[RAW DATA]

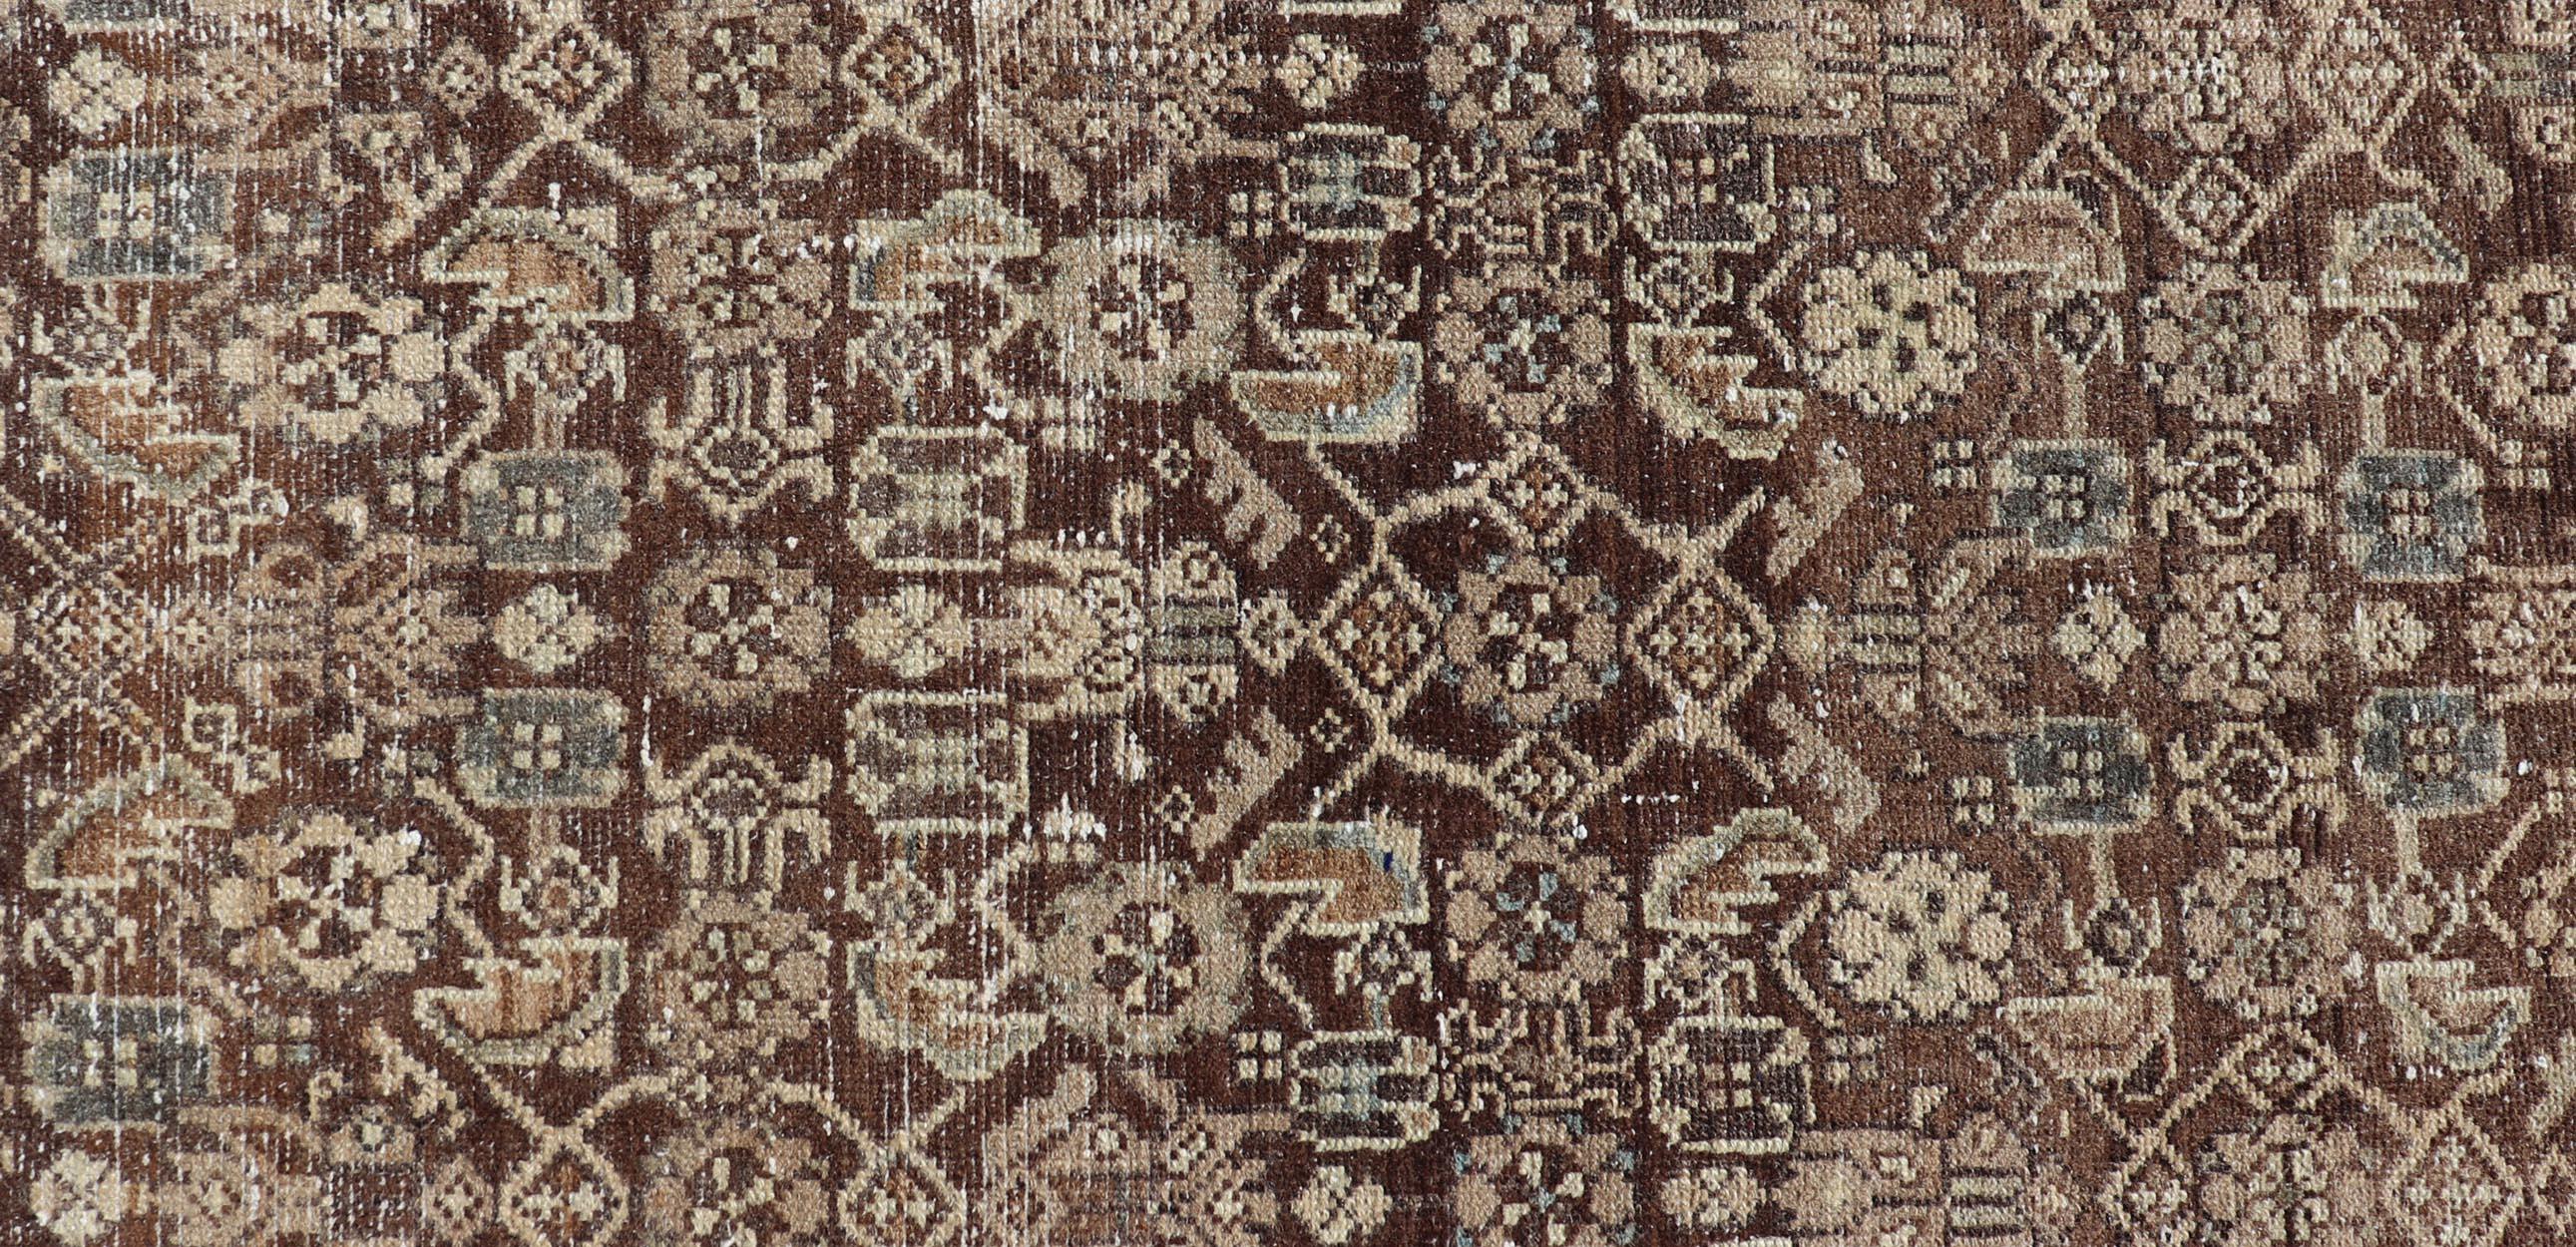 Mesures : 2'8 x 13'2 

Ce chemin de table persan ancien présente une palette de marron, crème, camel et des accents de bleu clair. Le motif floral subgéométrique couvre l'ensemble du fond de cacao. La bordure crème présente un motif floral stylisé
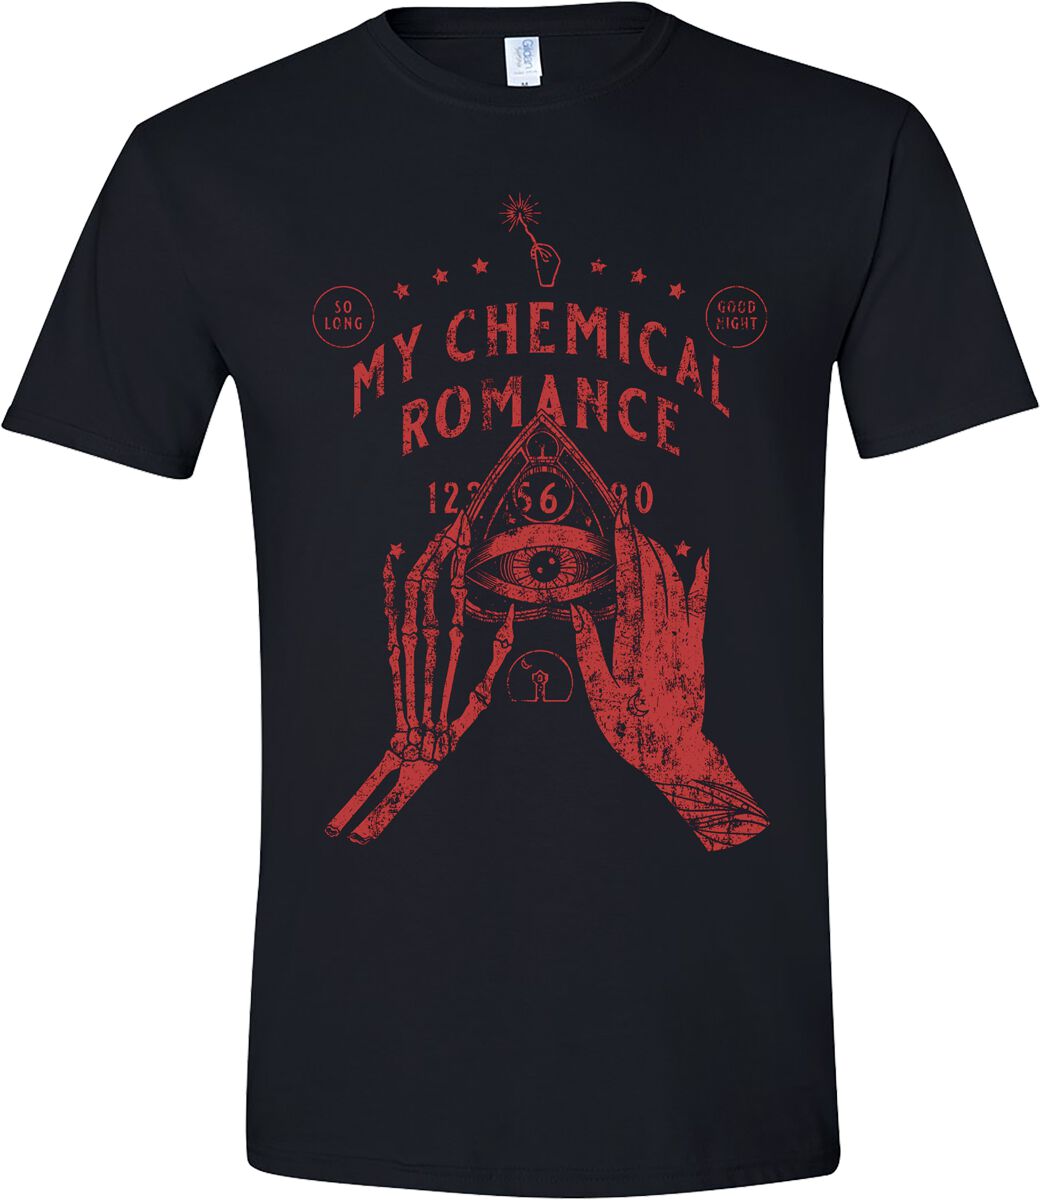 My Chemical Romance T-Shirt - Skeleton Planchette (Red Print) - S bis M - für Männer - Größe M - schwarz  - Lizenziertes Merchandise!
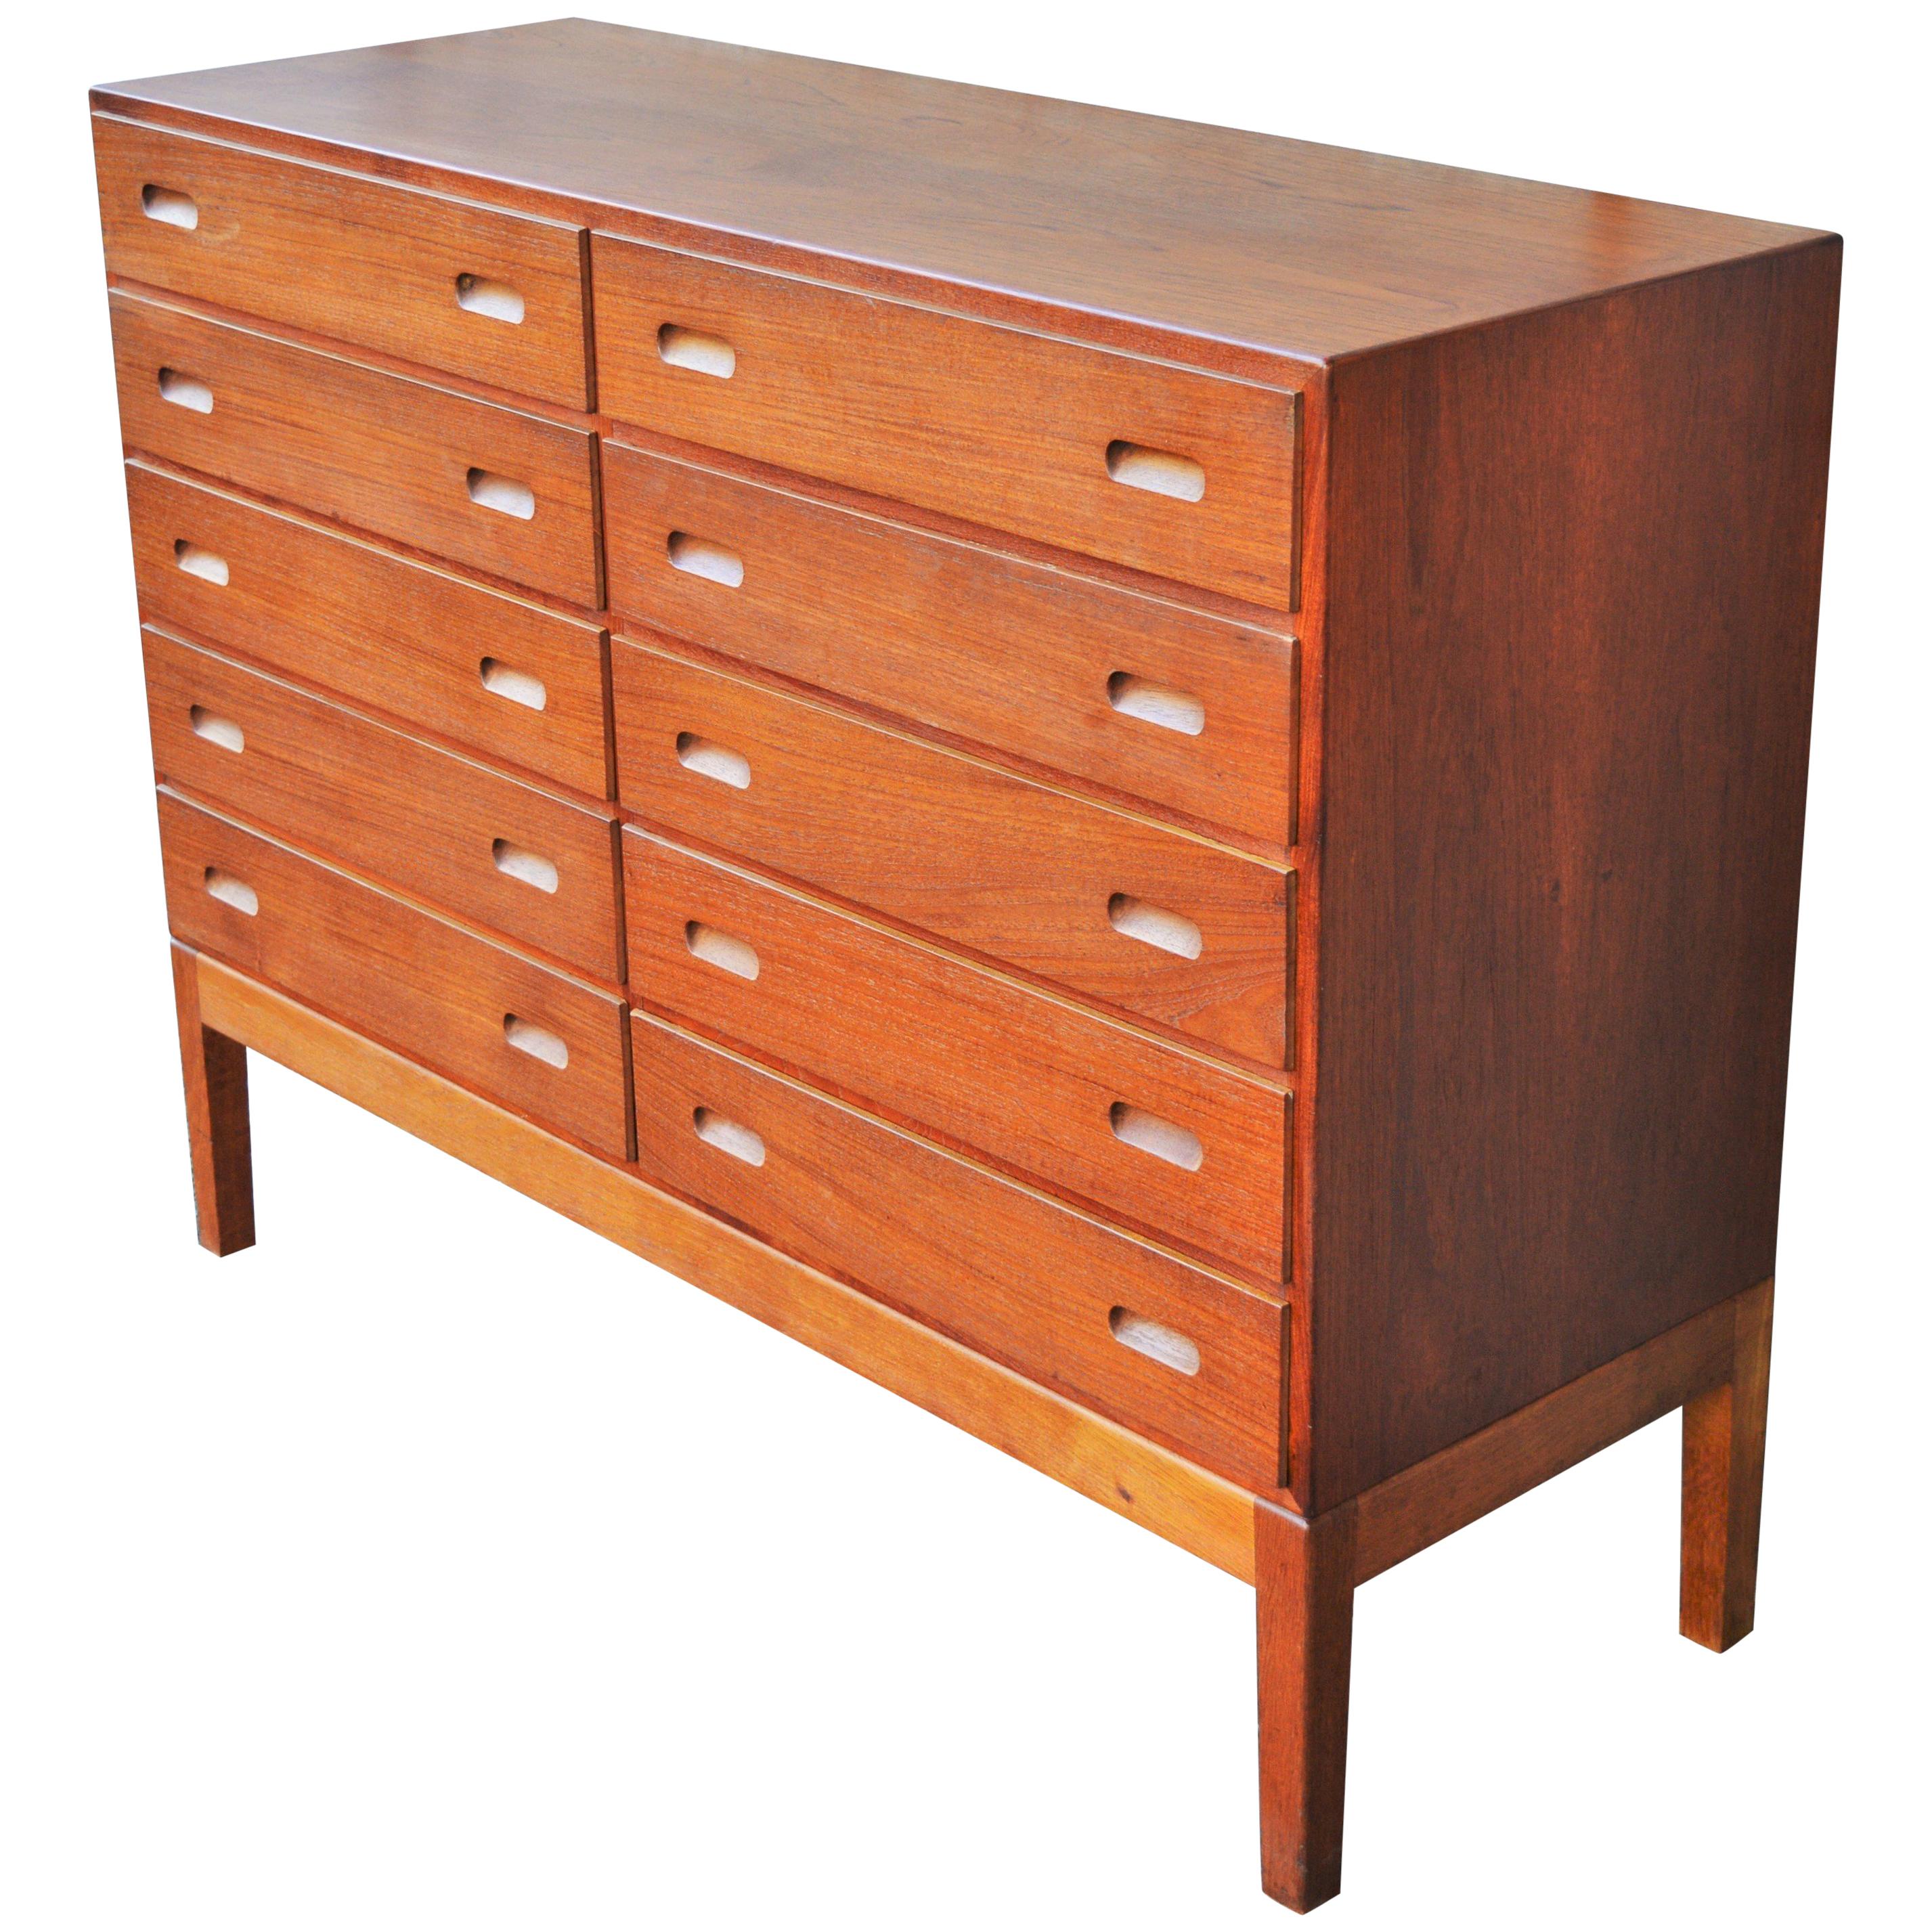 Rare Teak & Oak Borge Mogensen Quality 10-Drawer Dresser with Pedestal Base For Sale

[/RAW DATA]

TASK ITEM. Every picture stays out; reproduce exactly the lines from the one with "Ce chemin de" through the last line of the data above.

ANSWER SECTION.
Ce chemin de table persan ancien présente une palette de marron, crème, camel et des accents de bleu clair. Le motif floral subgéométrique couvre l'ensemble du fond de cacao. La bordure crème présente un motif floral stylisé
 My Chemical Romance T-Shirt - Skeleton Planchette (Red Print) - S bis M - für Männer - Größe M - schwarz  - Lizenziertes Merchandise!
 Rare Teak & Oak Borge Mogensen Quality 10-Drawer Dresser with Pedestal Base For Sale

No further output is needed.